A strong dollar implies that the value of dollars with respect to other currencies is high. On its own, it is impossible for a currency to be considered weak or strong. The strength of a currency depends on its value with respect to another currency.
The US Dollar Index represents a reliable metric that can help investors understand the relative strength of the dollar to other currencies. In recent times, the performance of the US Dollars has been strong. As of December 1 2022, the value of the US dollar relative to other major currencies are:
USD/EUR: One dollar will buy 0.959226 euros today. A year ago, one dollar would only buy 0.8620.
USD/JPY: One dollar buys 136.4677 yen now, compared to 114 yen a year ago.
USD/CHF: One dollar buys 0.9592 Swiss francs today, compared to 0.91 a year ago
GBP/USD: One dollar will buy 0.82427 British pounds.
USD/CAD: One dollar buys C$1.3429 now, versus C$1.24 a year ago
As inflation shows no sign of stopping, the federal reserve will keep raising interest rates. As a result, the US Dollar will likely maintain its strong performance.
How Does a Strong Dollar Affect Investors?
There are many ways through which a strong dollar can affect investors. Some of these are explained in this section.
U.S. financial assets may become less attractive to foreign investors.
It is worth pointing out that a strong dollar can raise the costs of local currency of US financial assets. This could compromise the strength of new flows into US bonds and stocks.
Furthermore, it is not impossible for foreign investors to be confronted with high pressure to repatriate their holdings – based in the United States – to enjoy profits related to currency. This is particularly true when local opportunities become available.
Currency extremes are never good for corporate earnings
Companies that have business dealings in other countries can have the value of their foreign profits significantly dented. This is especially true when the profits are translated back into dollars.
Also, the competitiveness of American companies across the globe is at risk. This is because products have become more expensive in terms of local currencies. As global demands start becoming slower, this factor will become more keenly felt.
Trade deficits are a serious issue
It is no stretch to affirm that a strong dollar contributes to trade deficits. There is an average deficit in the US trade balance, which is almost $1 trillion every year. This represents about 5% of the gross domestic product of the country. This is happening at a time when the entire United States debt is higher than 100% of the GDP.

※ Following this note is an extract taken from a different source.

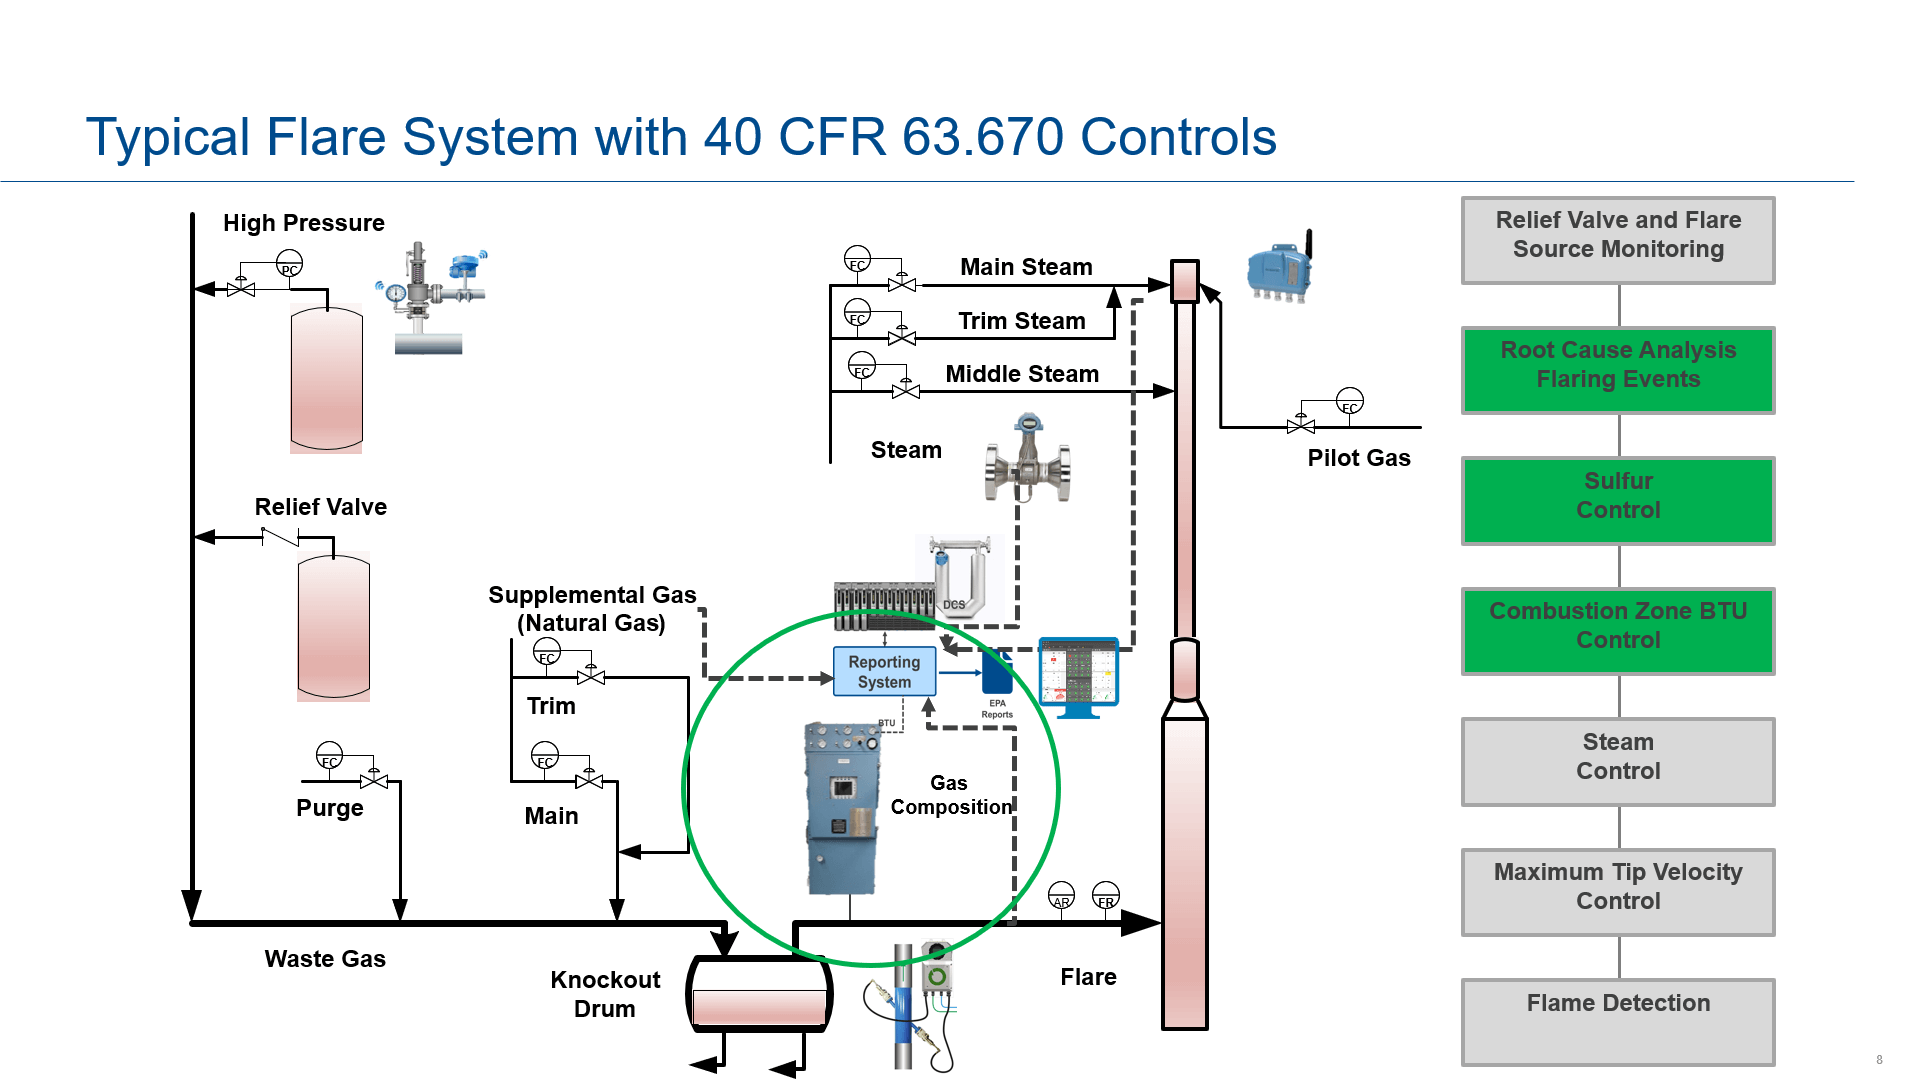 Typical flare system for 40 CFR 63.670 reporting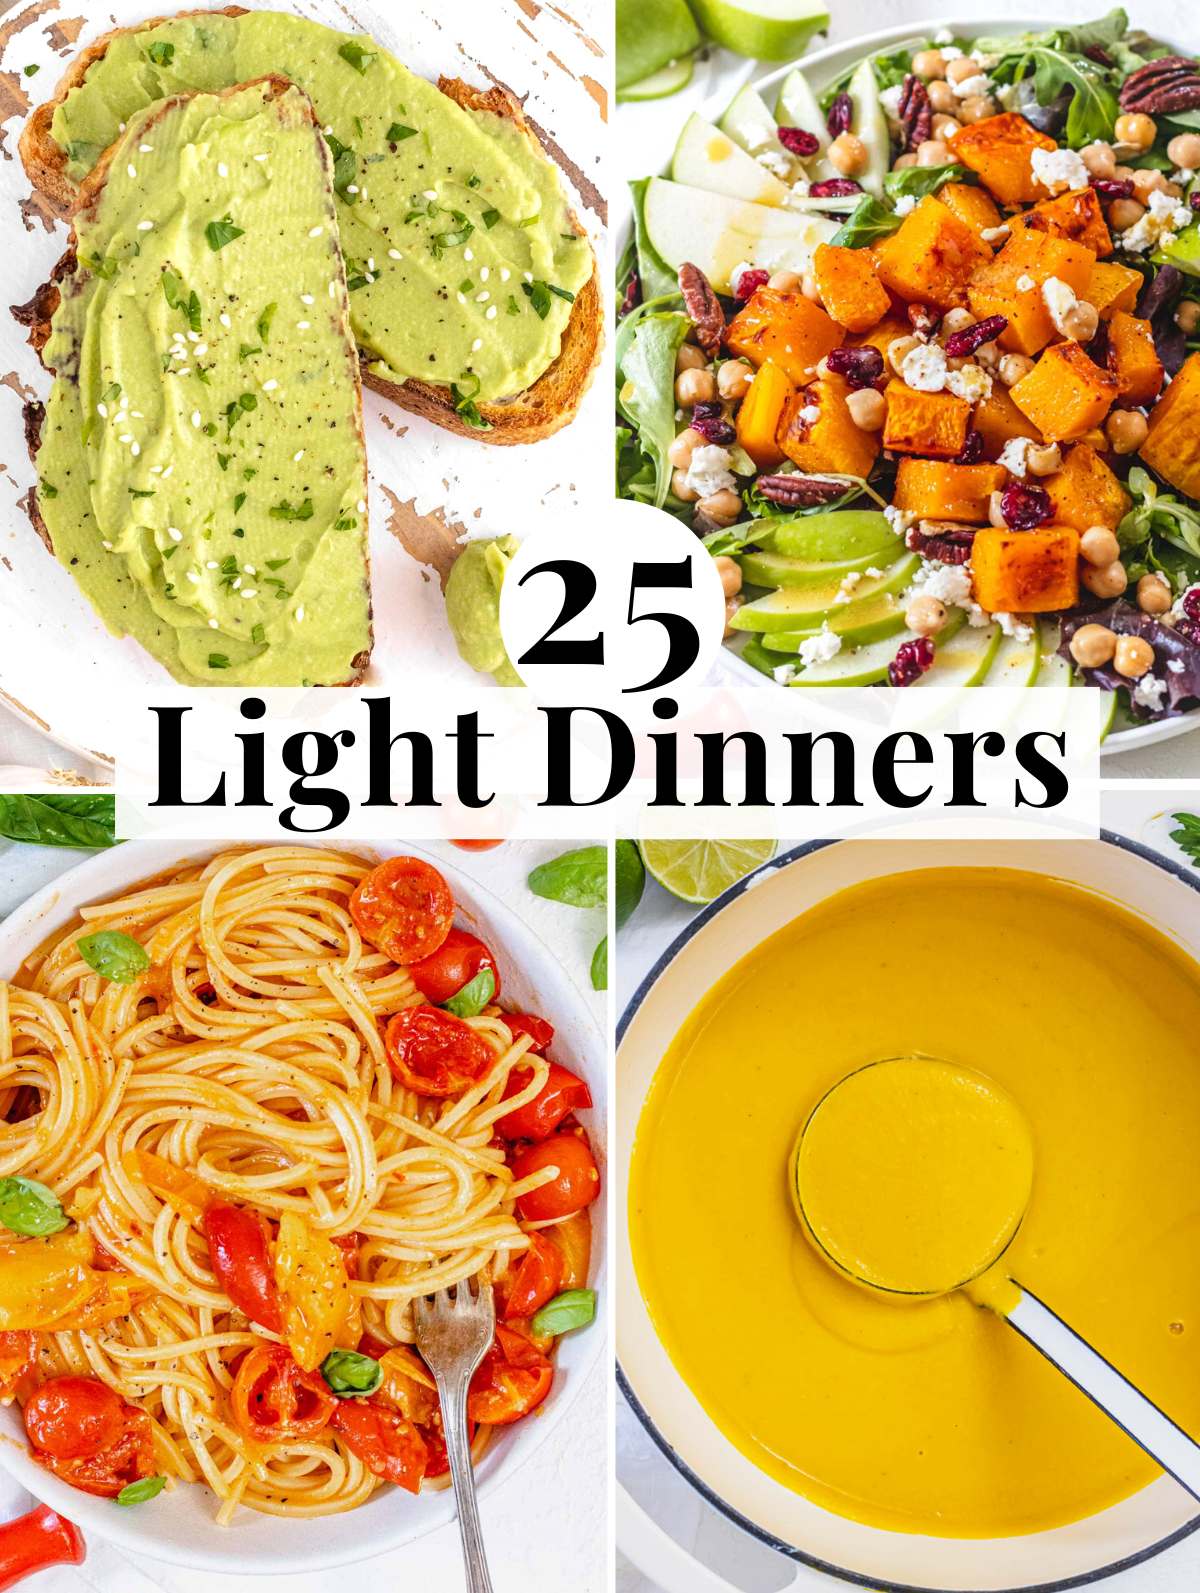 Light Dinner Ideas with soups, sandwiches and pasta

The purchasing power of US consumers of foreign assets could be sustained when dollar strength becomes persistent. As these deficits widen, the domestic financial conditions can become tighter.
Conclusion
As the federal reserve keeps raising the interest rate – in an effort to reduce inflation – the US Dollar can only become stronger in value. As a result, investment portfolios can become affected. Investors must manage their risks by including international assets that are more affordable.